# how do you hook up MTH remote commander control?



## old464

hi guys, just bought a MTH DCS remote commander. (controls one train). 

It came with no power supply. what did any of you guys use? Then, I have regular lionel track, so with standard lock on's which one do you hook up from the unit? 

So you don't need a regular transformer with this then? Just a power pack rated for the voltage for the mth unit? 

thanks 
Chris


----------



## old464

http://www.ebay.com/itm/MTH-Electri...273820?pt=Model_RR_Trains&hash=item3cc0897d9c

saw this on ebay, but I bought the remote that came with the track side device and I just need the power for this.
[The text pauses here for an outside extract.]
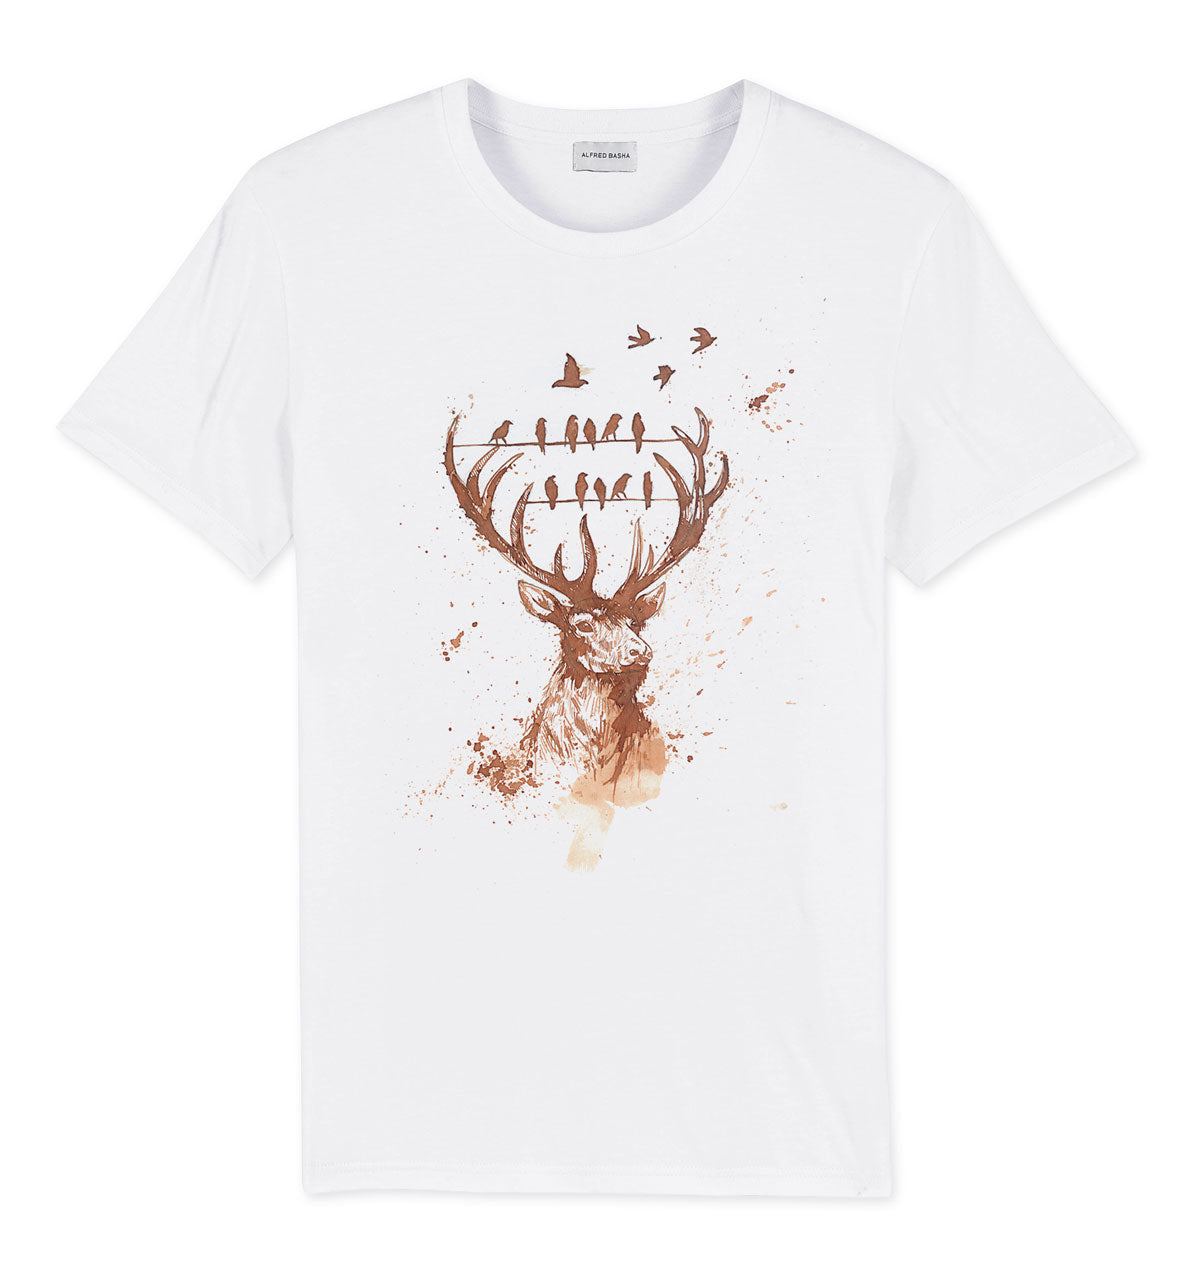 Coffee Deer man t-shirt

I guess?? they say its simple, but why MTH sells the remote and device to the track with no powr pack is beyond me. now I have to buy another thing! it should be one package at least as an option. 

thanks chris 

can I go to radio shack and get a power pack to operate this or does the power have to be from MTH?


----------



## Massey

Check out this site here it may have answers for you

http://www.protosound2.com/

The linky you posted was for G scale stuff it may be too much for the HO engines

Massey


----------



## gunrunnerjohn

First off, forget the instructions that come with it, because they are not the best way to connect this gadget. 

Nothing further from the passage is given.